__What the task asks__
What is needed is a word-for-word transcript of the listing, free of pictures.

__Recorded information__
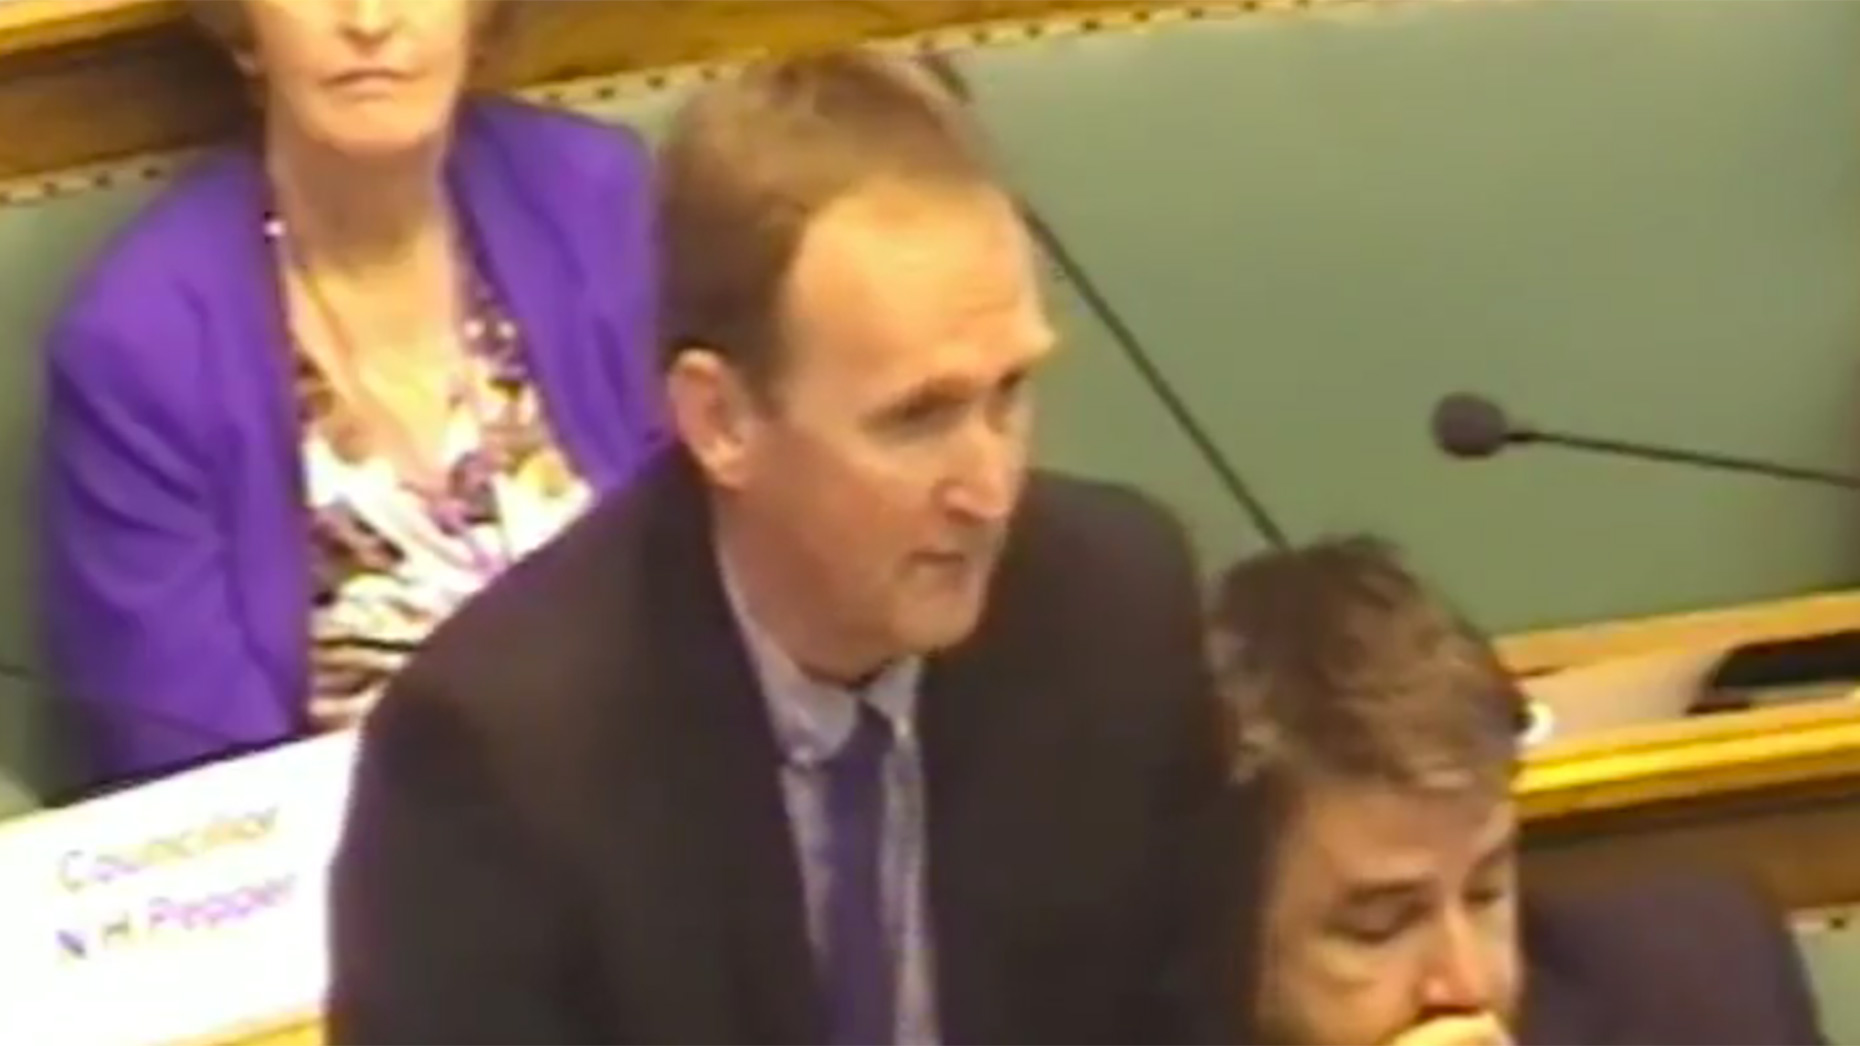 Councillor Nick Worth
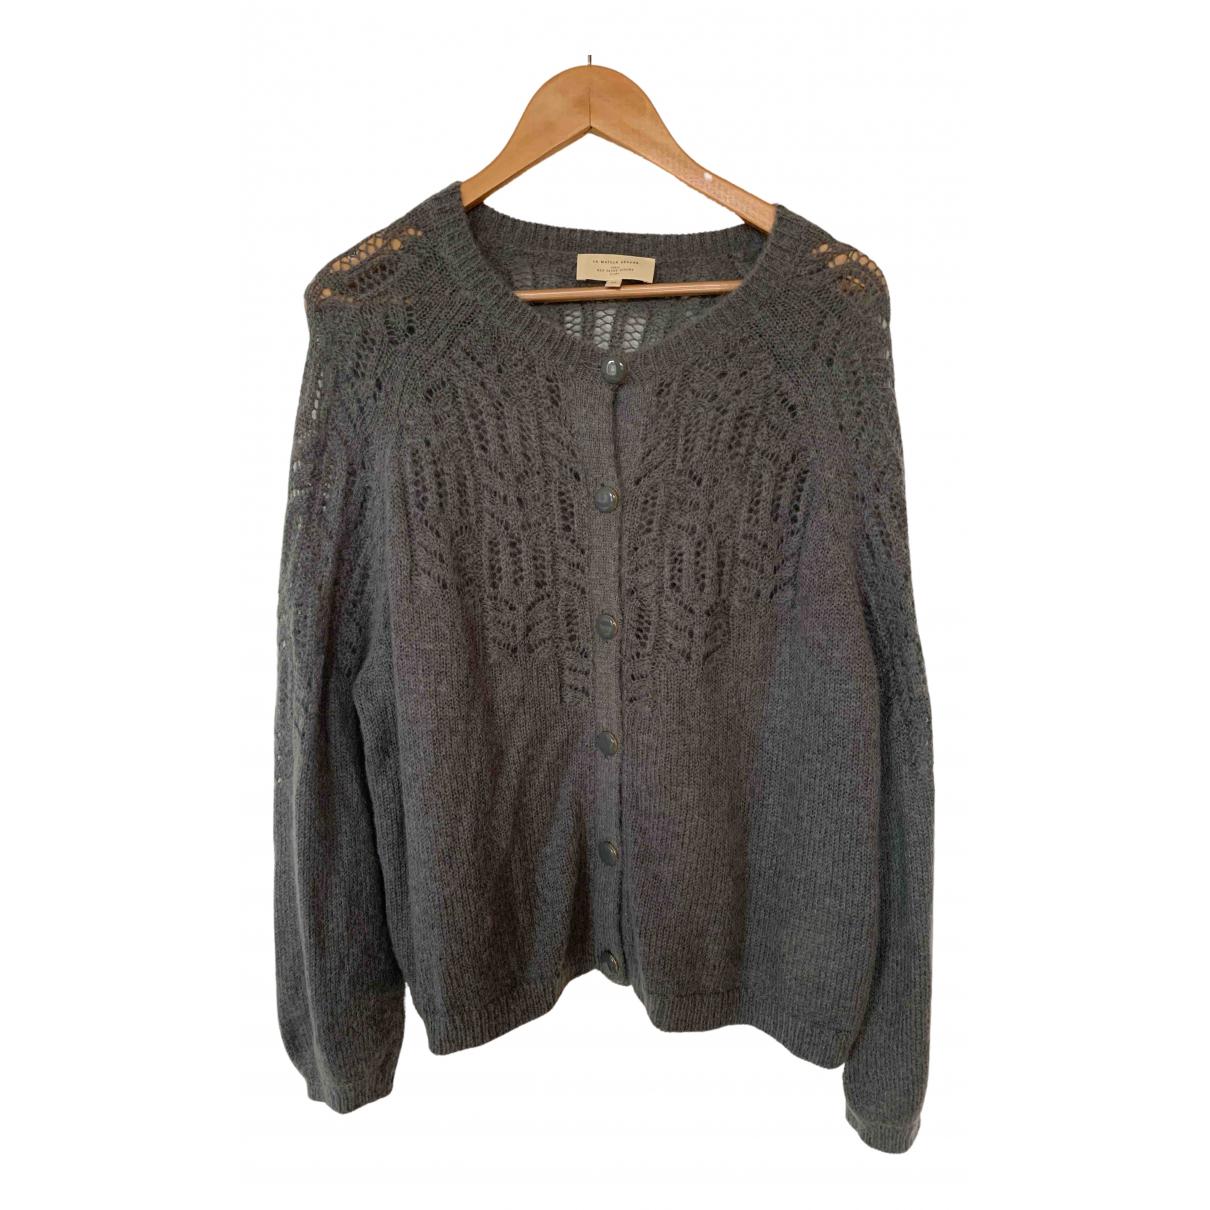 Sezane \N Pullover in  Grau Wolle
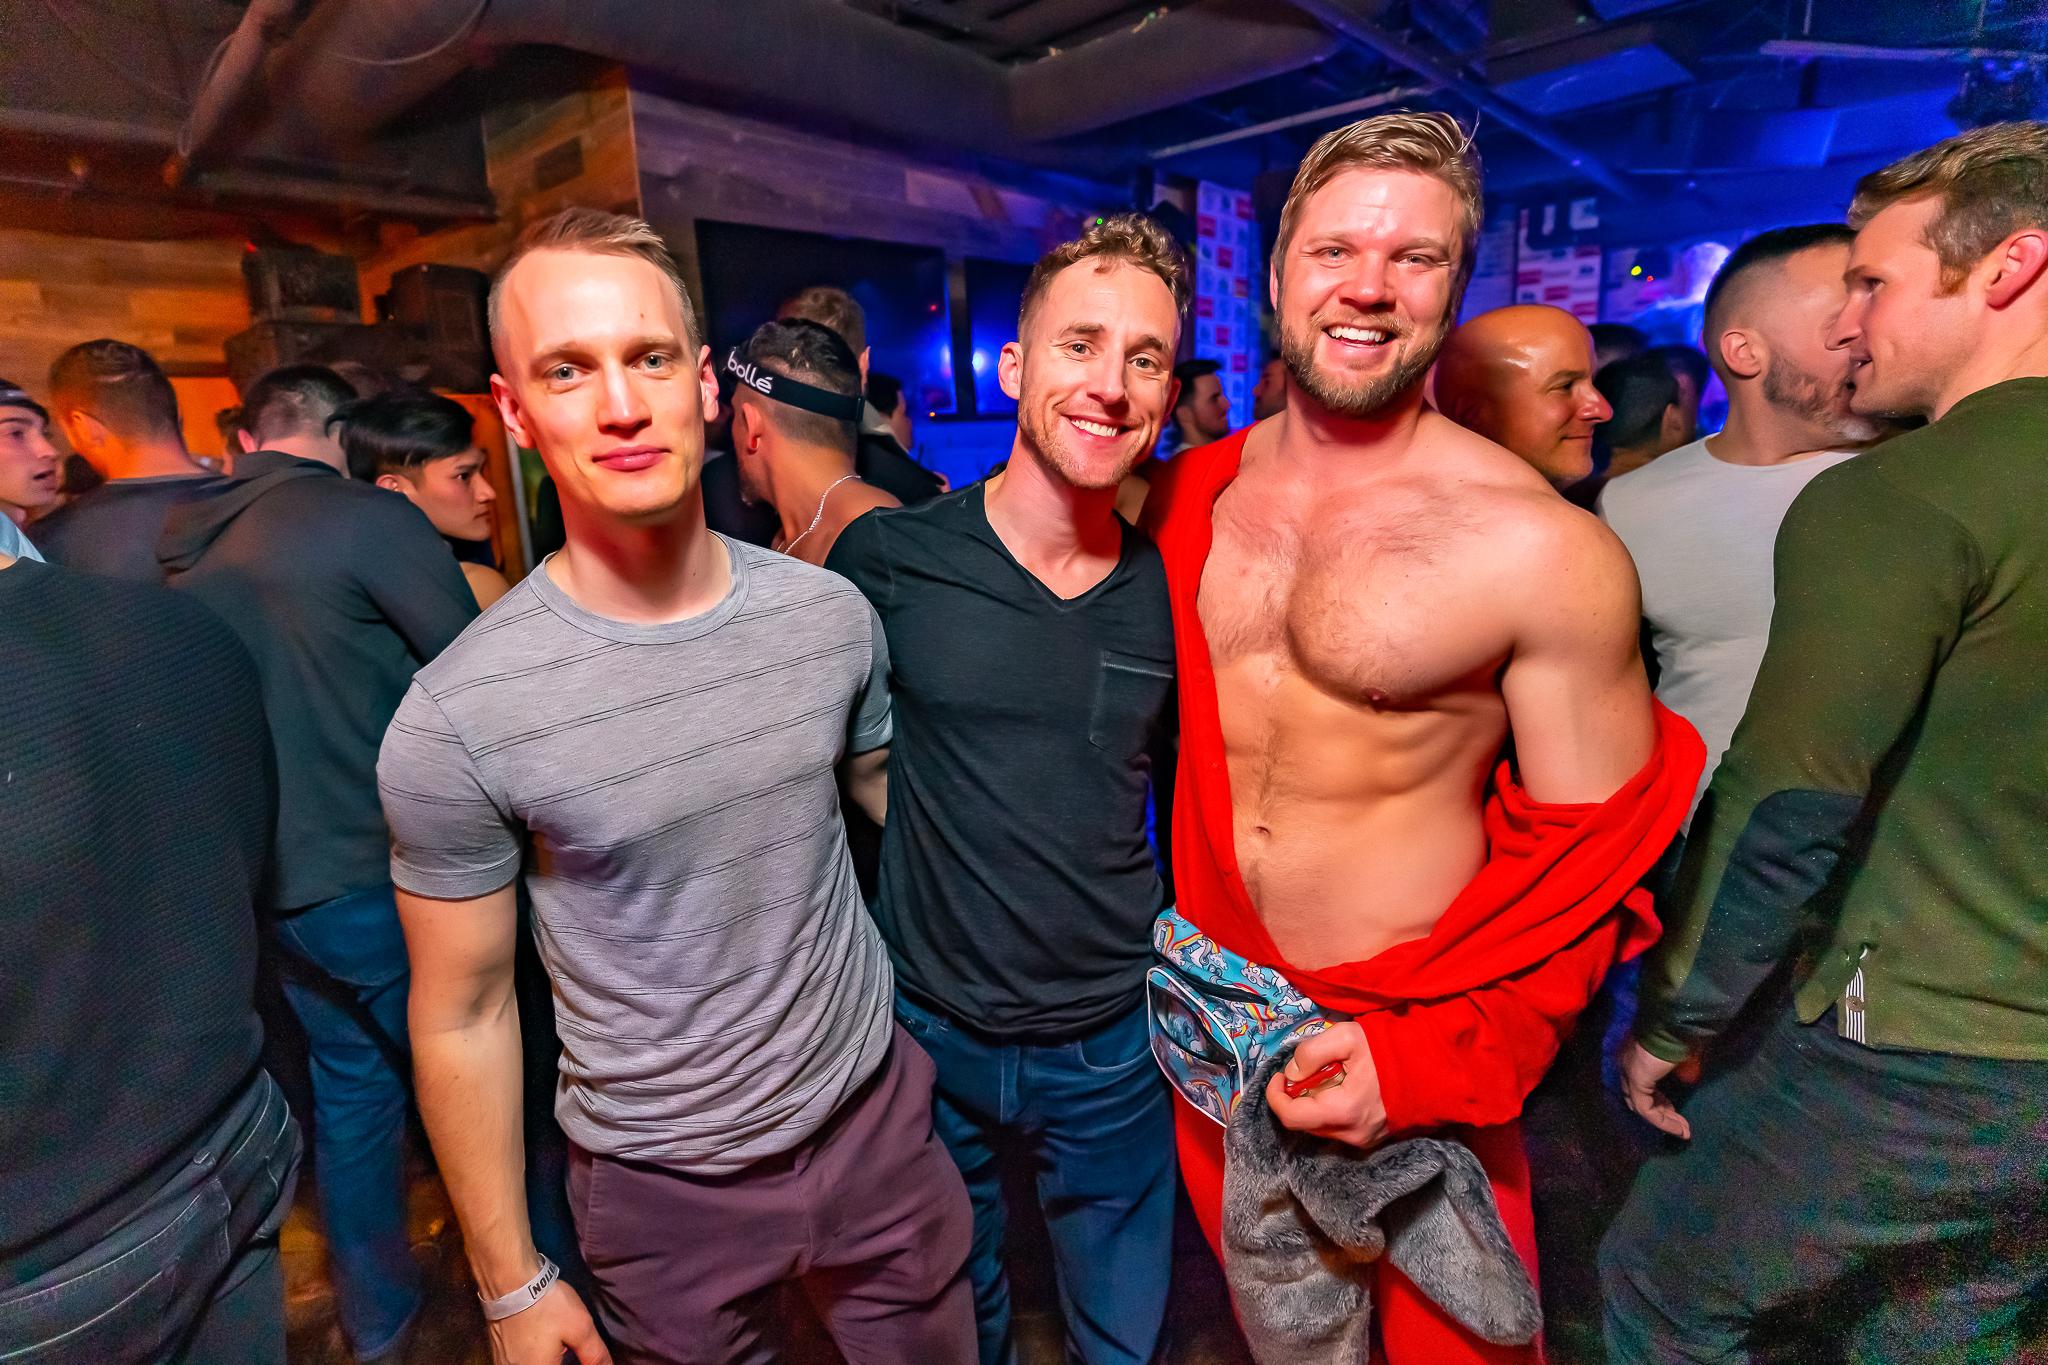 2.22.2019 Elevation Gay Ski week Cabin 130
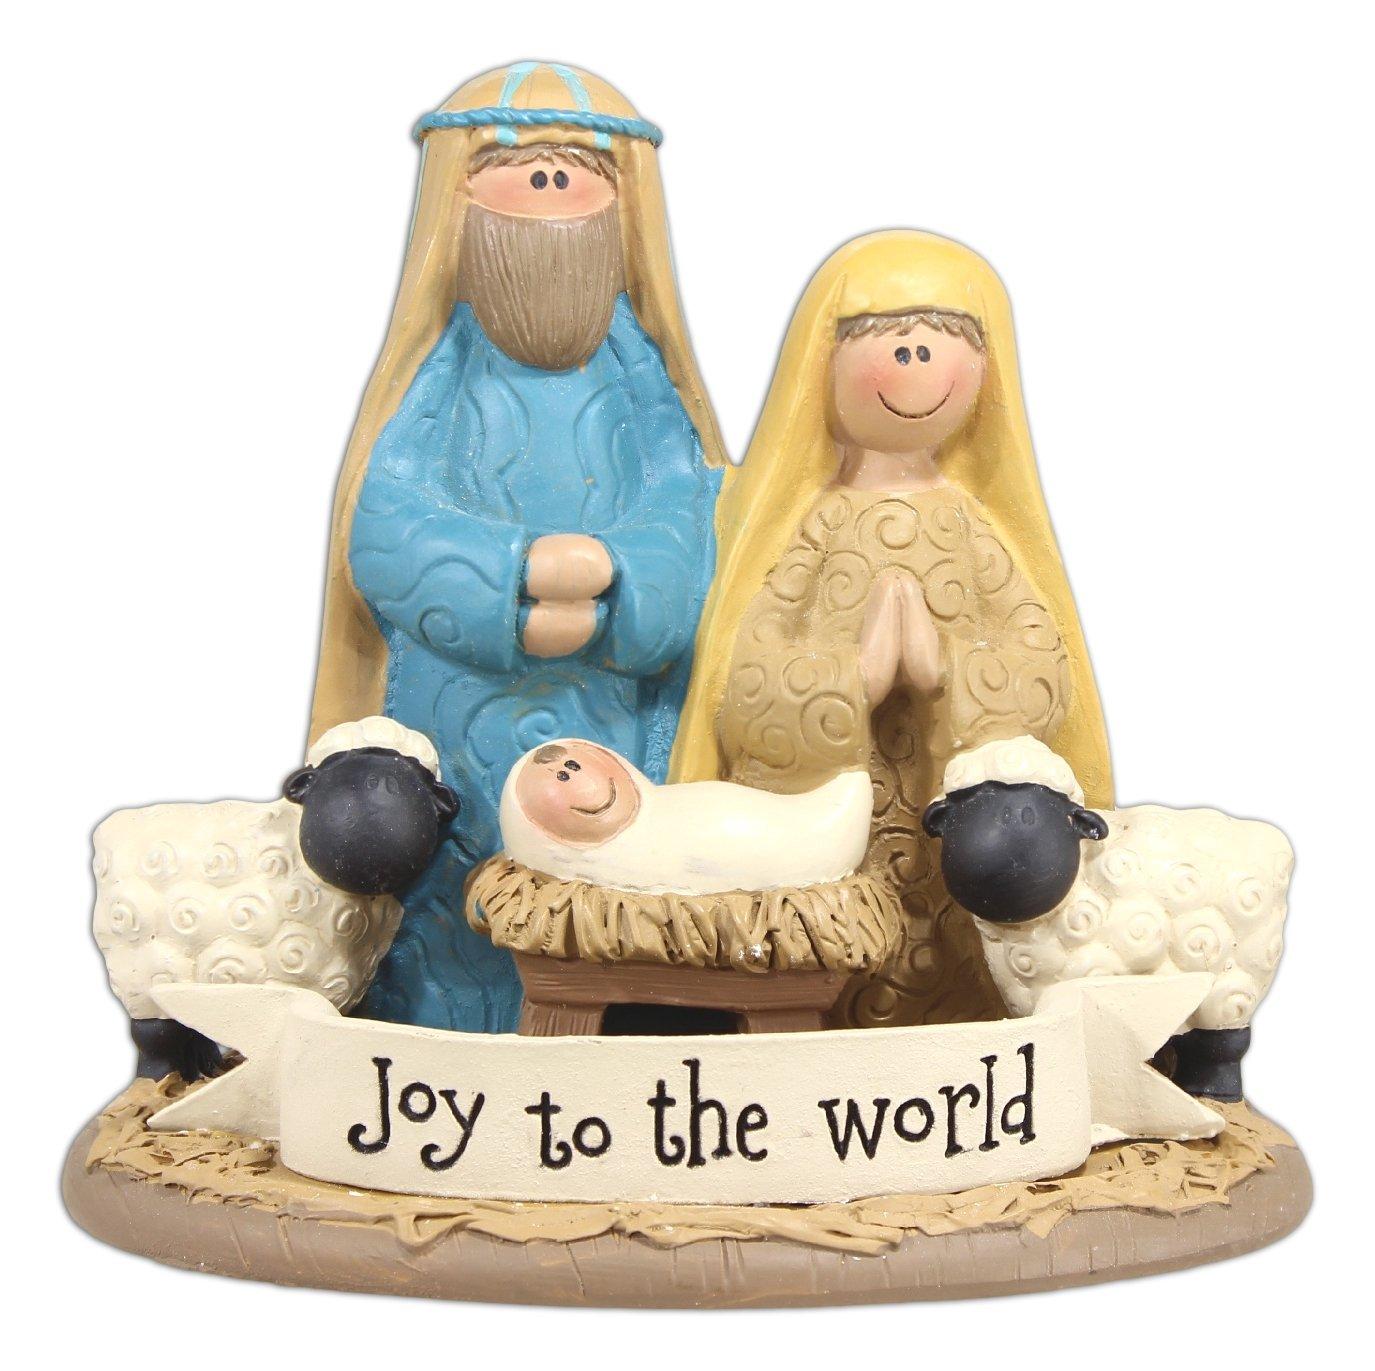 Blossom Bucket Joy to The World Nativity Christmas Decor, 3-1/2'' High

__Exercise response__
 Councillor Nick Worth
 Sezane \N Pullover in  Grau Wolle
 2.22.2019 Elevation Gay Ski week Cabin 130
 Blossom Bucket Joy to The World Nativity Christmas Decor, 3-1/2'' High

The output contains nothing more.